Janelle Lynch is an artist renowned for her large-format photographs of the landscape. Throughout her 25-year career, she has steadfastly used the medium to investigate themes related to the lifecycle, connection, and transcendence in places she’s lived, including the United States, Mexico, and Spain. While Janelle’s practice has been primarily lens-based, it increasingly incorporates alternative processes. Her decision to use them, principally the cyanotype medium, is aligned with her conceptual inquiry as she is less concerned with replicating the world as she is in imagining the unseen through unmediated contact with natural elements, paper, and light.

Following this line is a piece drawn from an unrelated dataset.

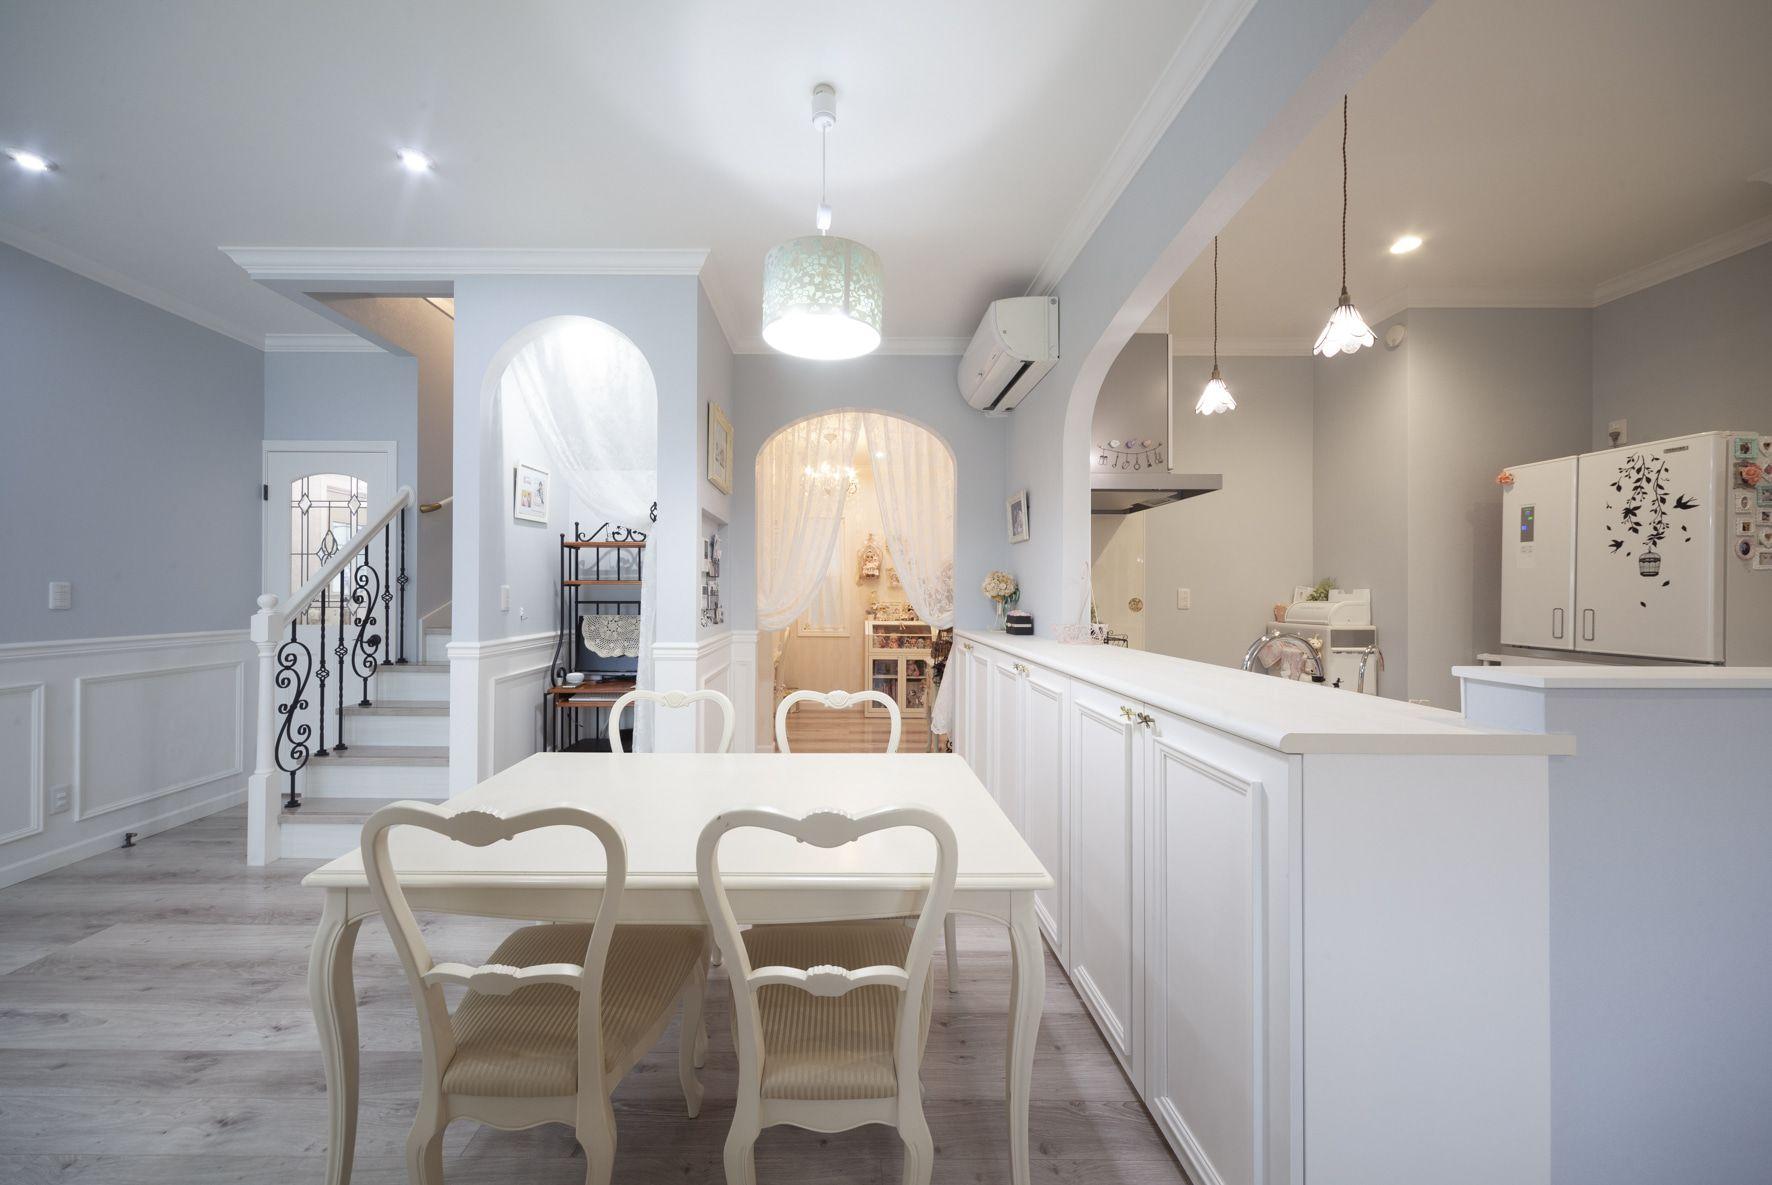 『水色と白のやさしい色調 フレンチテイストの輸入住宅  ロビンスジャパン』

Janelle’s photographs reside in major public and private collections, including The Metropolitan Museum of Art, the Victoria and Albert Museum, the International Center of Photography, the Brooklyn Museum, and the Museum of Contemporary Photography. Janelle has had several solo exhibitions, including at the Hudson River Museum, the Southeast Museum of Photography, and the Museo Archivo de la Fotografía, Mexico City. Notable group exhibitions include the Museum of the City of New York, and the Newark Museum, and the George Eastman Museum.
Janelle is the author of three monographs by Radius Books: Los Jardines de México (2010); Barcelona (2012); and Another Way of Looking at Love (2018). She is a faculty member at the International Center of Photography in New York and is represented by Flowers Gallery, London.